"A new album from the Green Pajamas is always something to be celebrated, and this 16 song collection is especially welcome given that it’s all brand new material, the majority of which was written and recorded by Jeff Kelly. Not that there’s anything the matter with Joe Ross’s first written contribution since 2011, the gloriously singalong ‘Down to the Ocean’, or Eric Lichter’s excellent contributions ‘Sunlight’ and ‘Lover’s Lease’; but, well, even George Harrison only wrote one song per side for the White Album, and when there’s a songwriter of the calibre of Jeff Kelly in the band and he’s obviously hit on a rich seam, it makes sense to give him his head.
And head music is definitely what this record is all about. Readers will no doubt fondly remember the string of outrageously psychedelic albums the Pajamas recorded in the late ‘90s for what was at the time the next best thing to an in-house Ptolemaic Terrascope record label, Tony Dale’s Camera Obscura. ‘Strung Behind the Sun’ was a personal favourite, and it’s no coincidence that most of that was written by Jeff too. The new album is intentionally intended to recapture the whimsical experimental psychedelia that pervaded the band’s records of that era, and is sprinkled with appropriately exotic instrumentation, strong vocal harmonies and occasional birdsong, rainstorms and sound effects thrown in for good measure. It’s never less than glorious, and when Jeff kicks in with some of his trademark electric guitar licks it becomes absolutely outstanding: ‘Art School Blues 1979’, ‘High Tea With Miss Ava G’ and the album’s finest moment amongst a slew of fine moments, ‘Just To This’ with its middle-eastern backing, fine drumming and killer guitar break are all songs to treasure amongst a veritable treasury of songs.

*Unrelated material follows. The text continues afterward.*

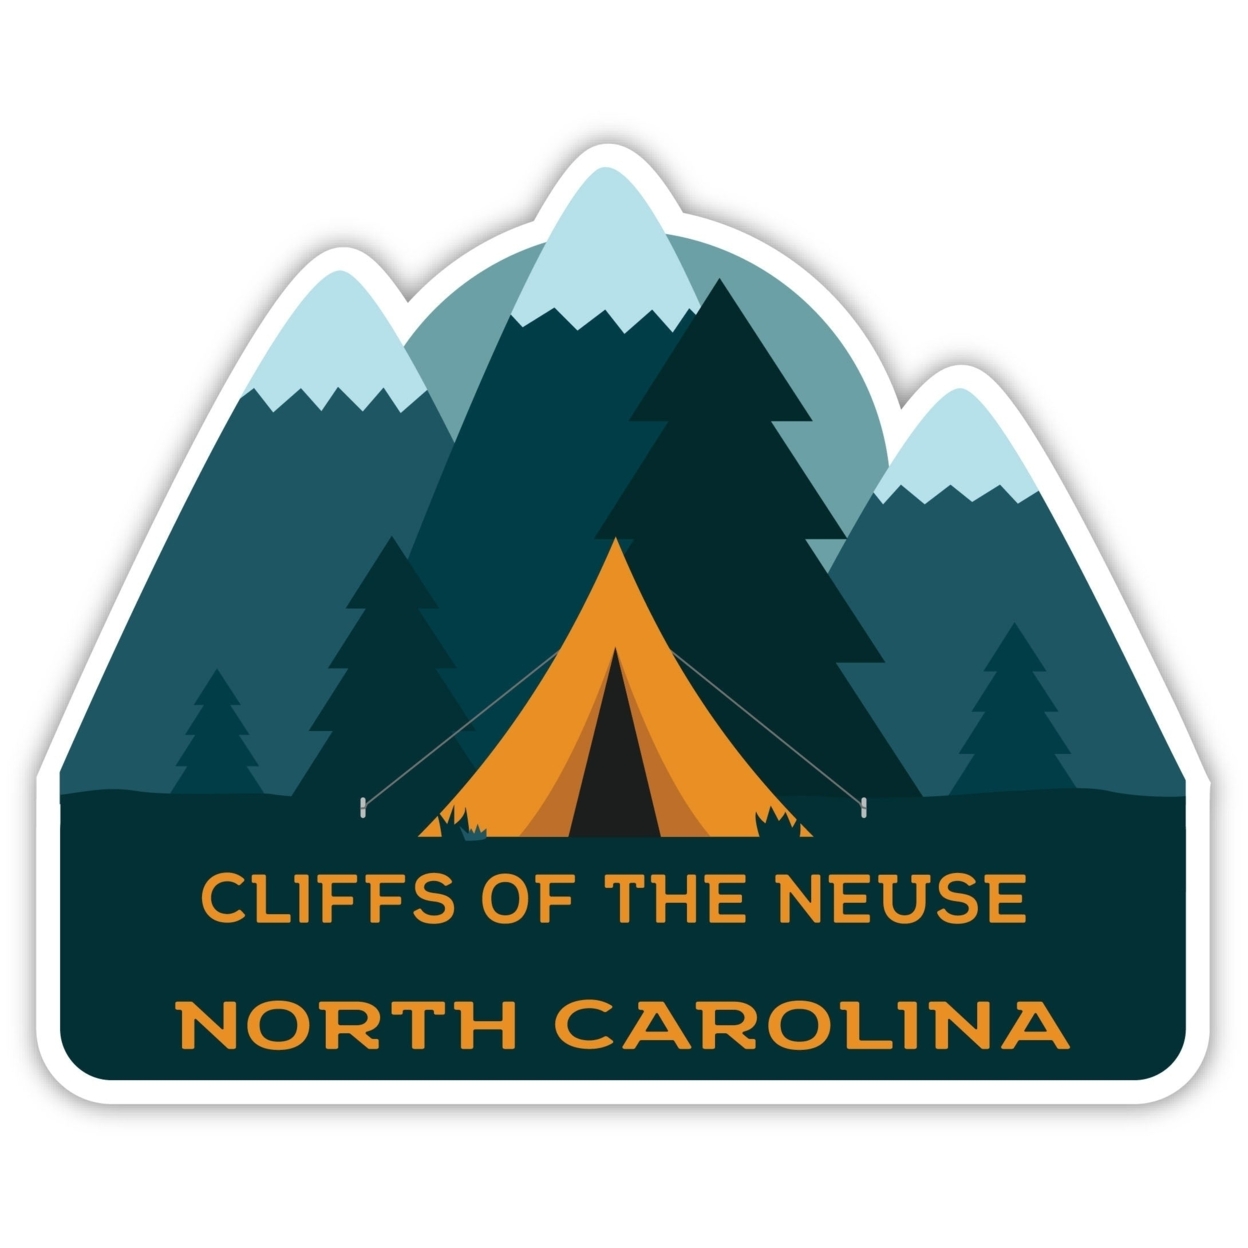 Cliffs Of The Neuse North Carolina Souvenir Decorative Stickers (Choose Theme And Size) - 4-Pack, 2-Inch, Tent

Elsewhere ‘That’s Why Celia Can’t Fly’ has a Byrdsian jangle; ‘I’d Rather Be In The Sun’ is piano-led with hauntingly echoed vocals which adds a dash of melancholy – and fittingly bleeds into the next song ‘High Tea With Miss Ava G’ courtesy of the sound of a Portuguese rainstorm, which is a particularly Jeff thing to do. ‘Why Did You Do It’ has a heavier vibe and ‘I Don’t Believe You’ chills with a backwards girls school choir, and it’s left to ‘Hello, Hello’ and ‘Falling In And Out of Love’, both supremely Beatles-esque, simply great pop songs, to lift the spirits before the closing ‘Holly.
Released at a time when the world is debating the merits of vaccinations, this is exactly the shot in the arm we all need, guaranteed to put a smile on your face, make you long throw your arms around your loved ones and get us all up and dancing. Or at least nodding along, given that we’re all getting older."